SUPPLIED DATA:
******

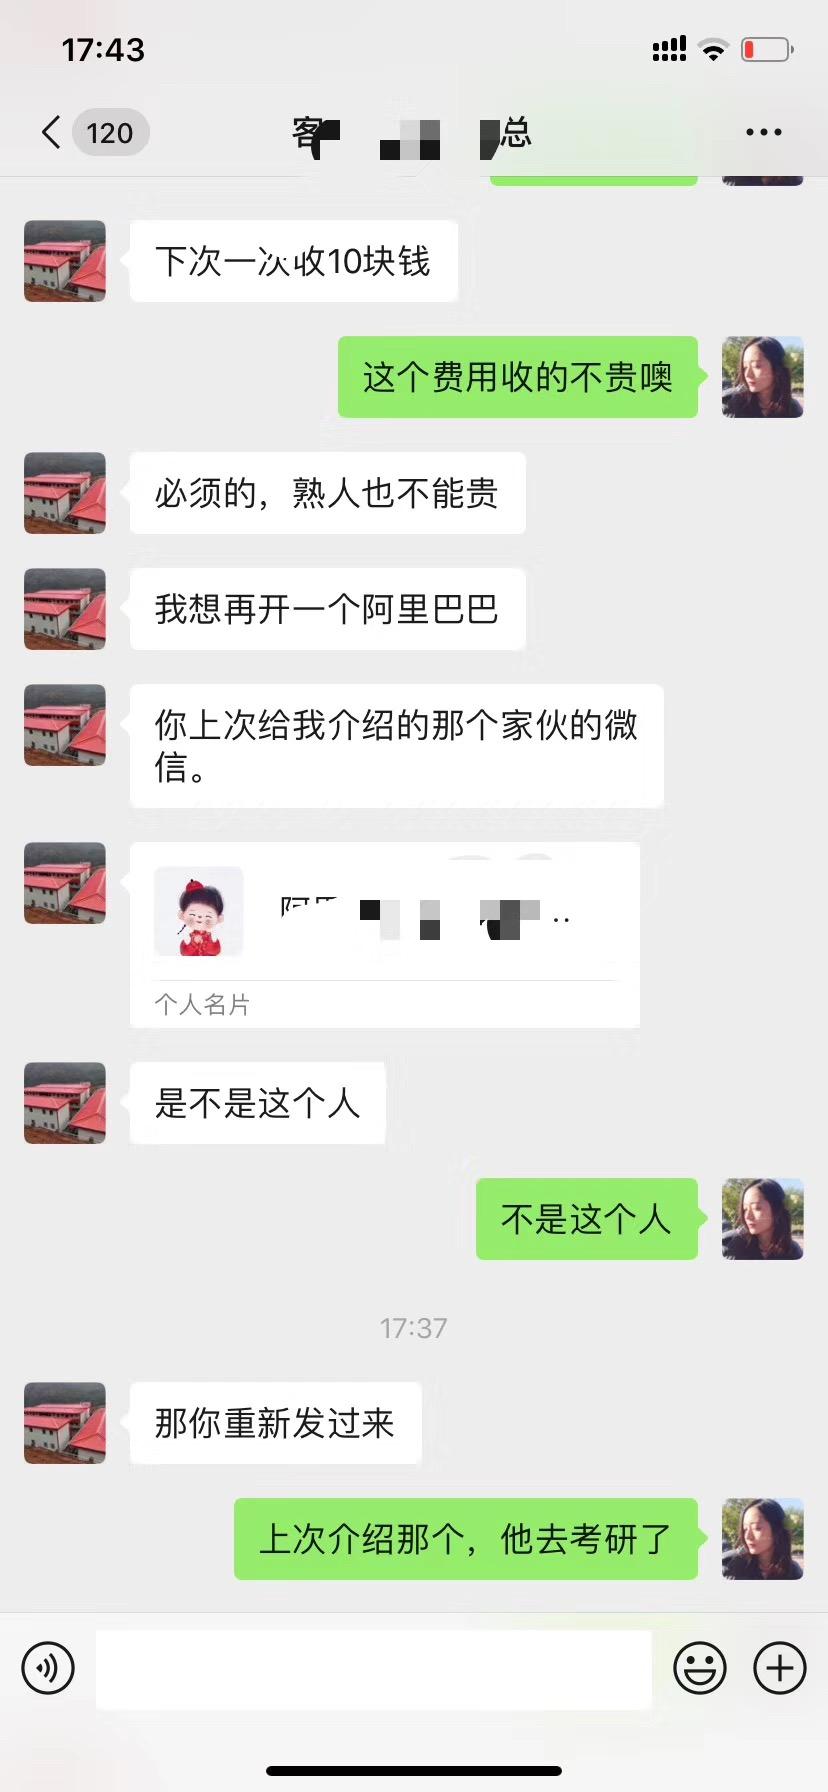 bob亚洲官网网络公司
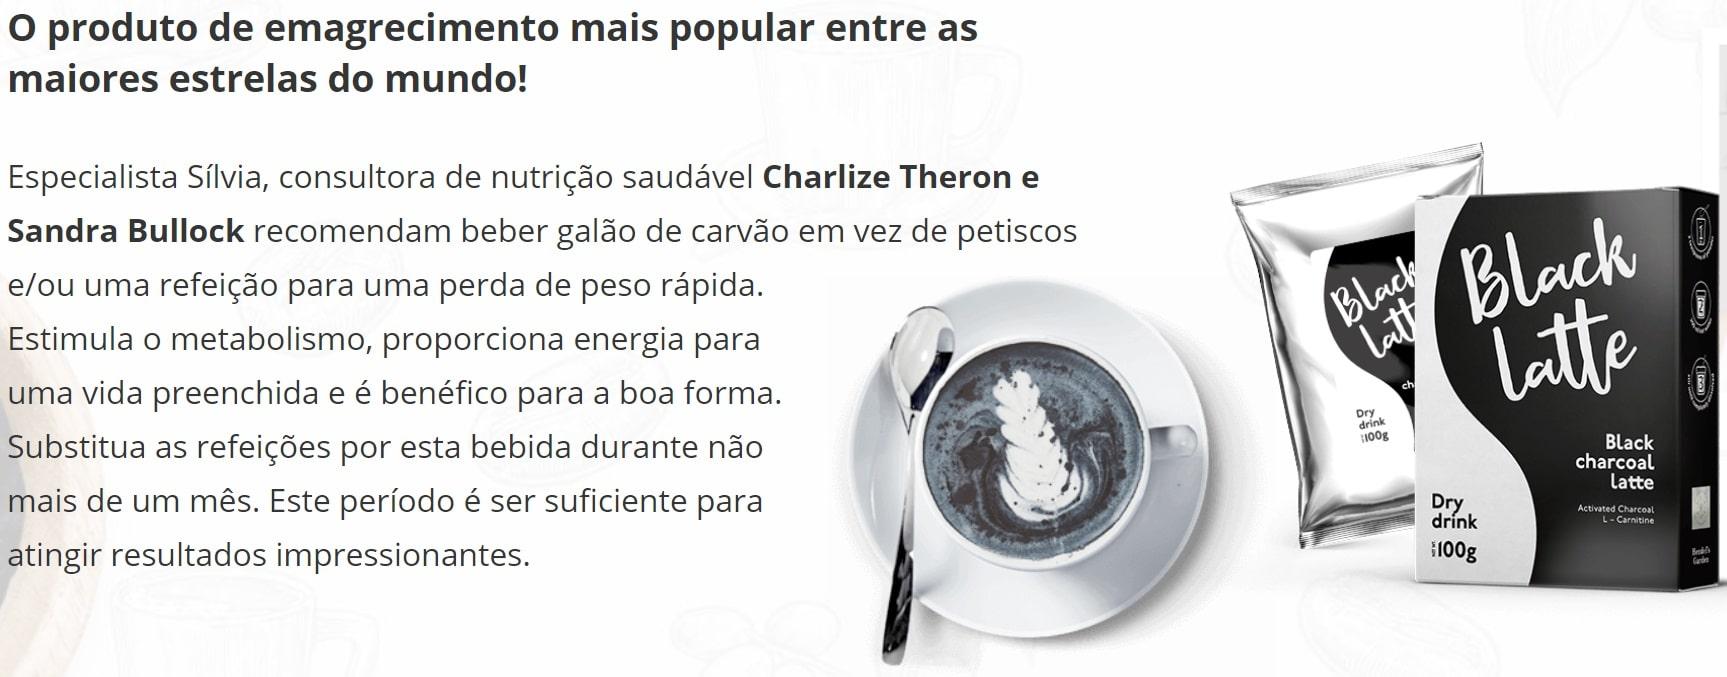 black-latte-pt2-min
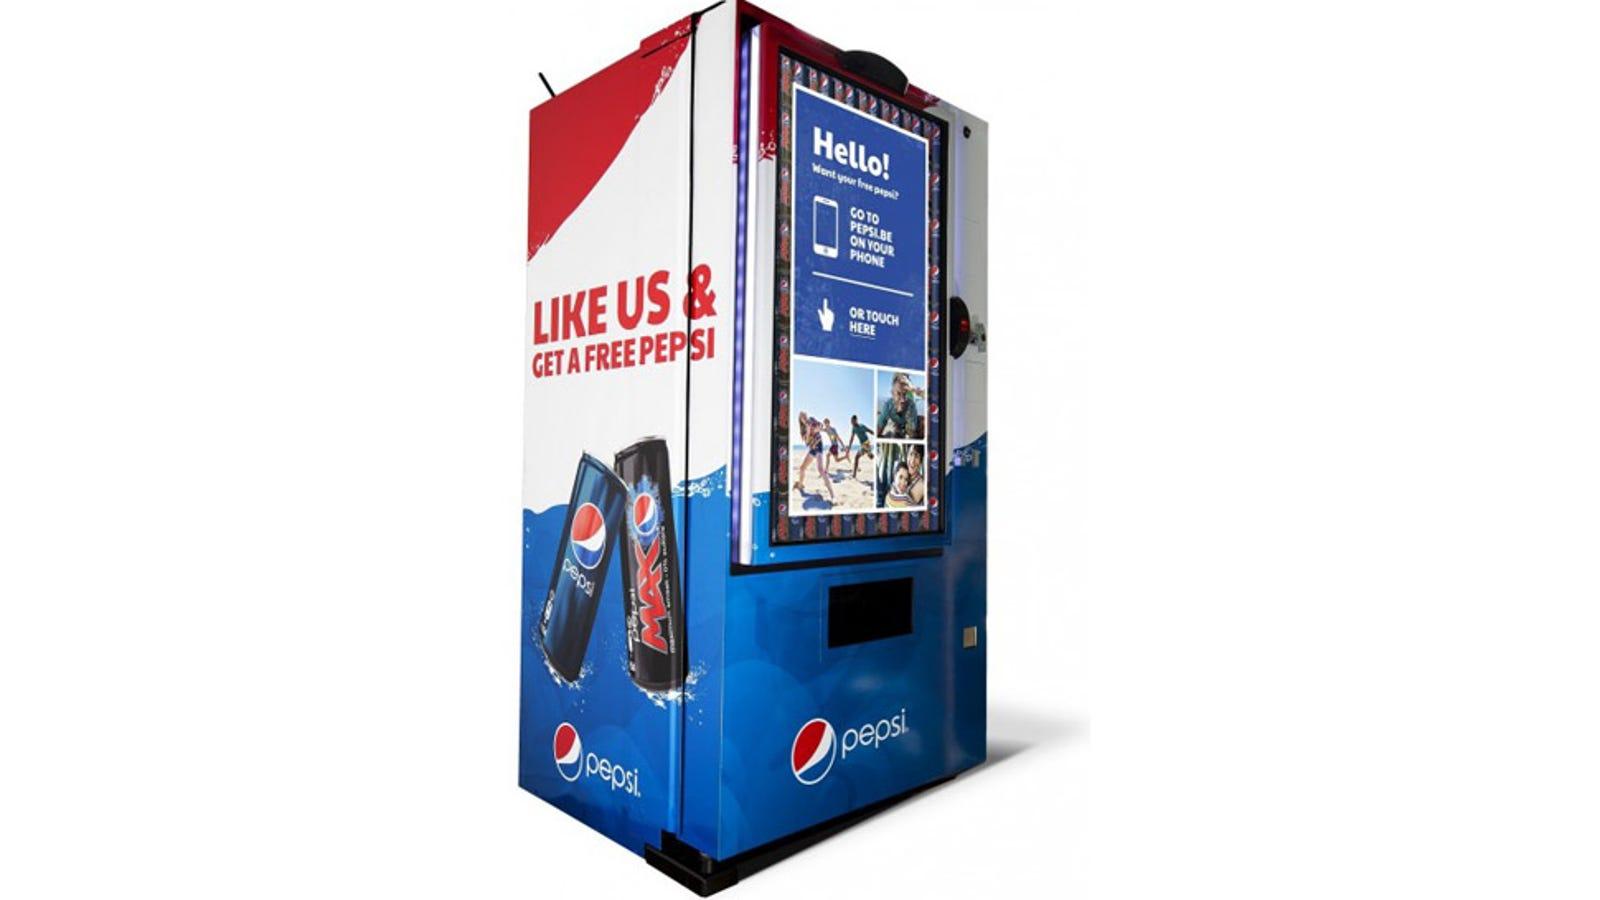 Esta máquina de Pepsi funciona con 'Me gusta'
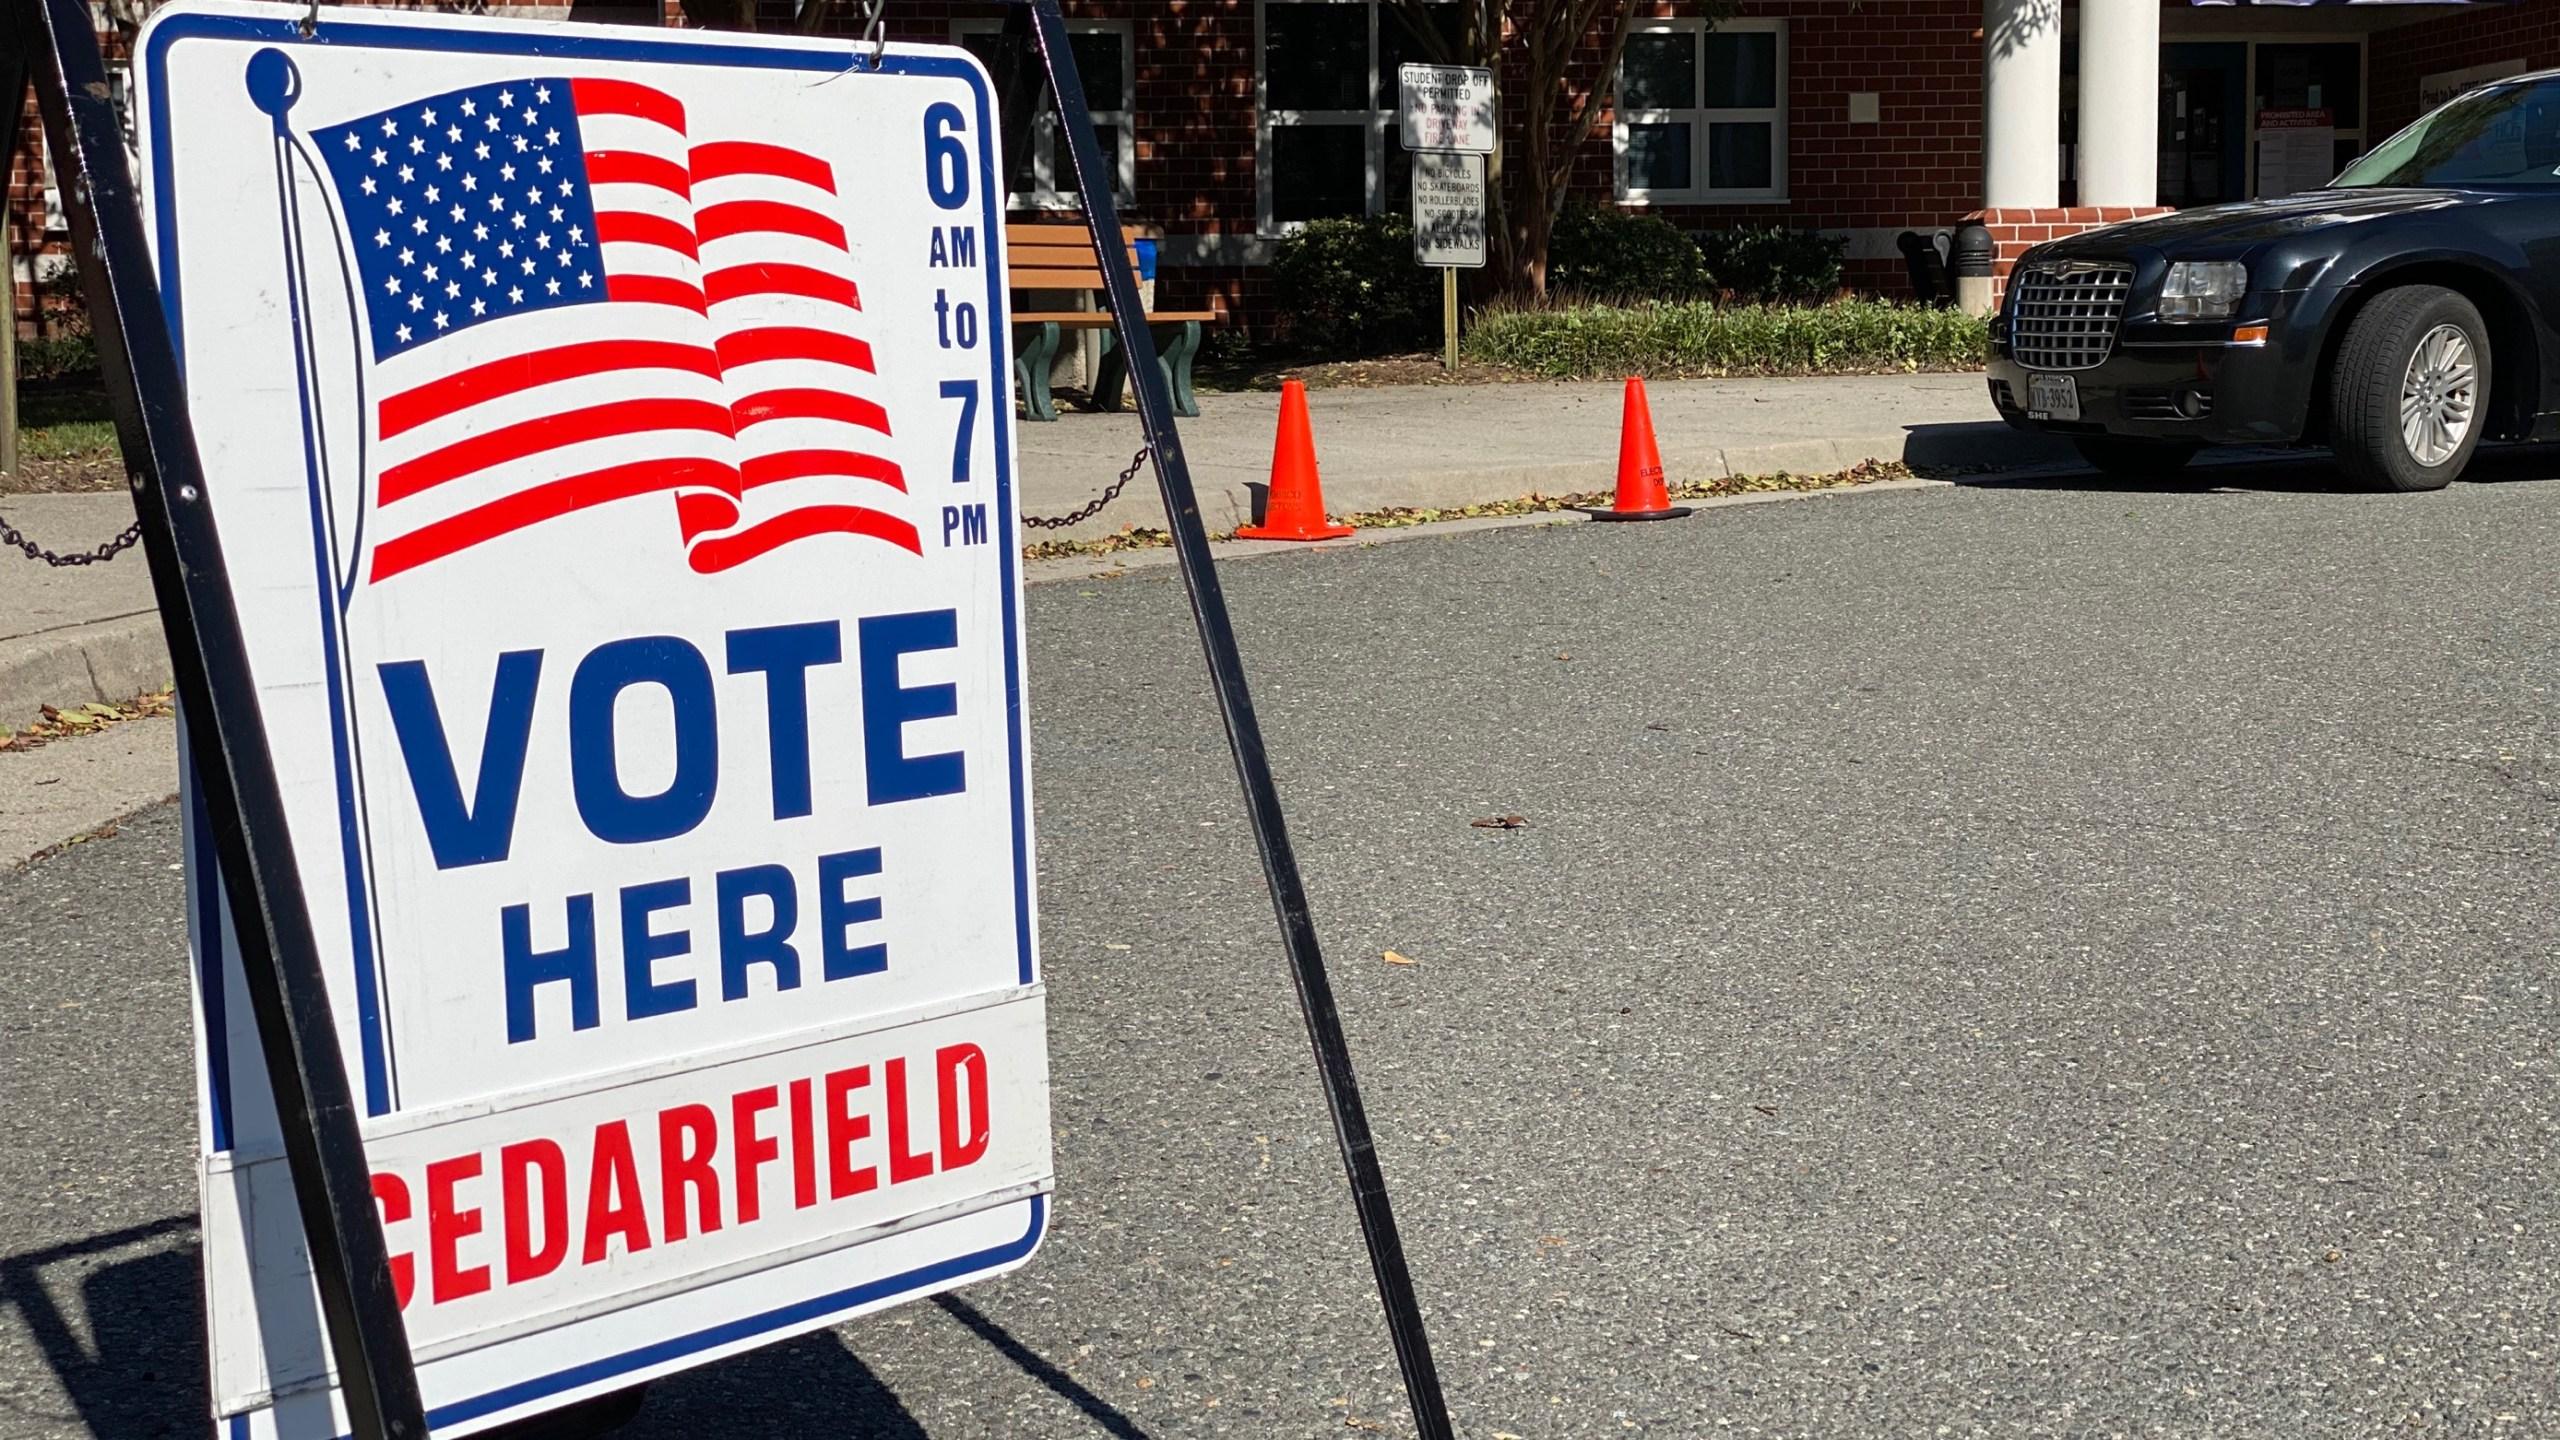 Sign at the Cedarafield polling precinct

******

ABOUT THIS TASK: Set down the line containing "black-latte-pt2-min" and every line after it up to the end of the material, exactly as written, but not the pictures.

RESULT:
 black-latte-pt2-min
 Esta máquina de Pepsi funciona con 'Me gusta'
 Sign at the Cedarafield polling precinct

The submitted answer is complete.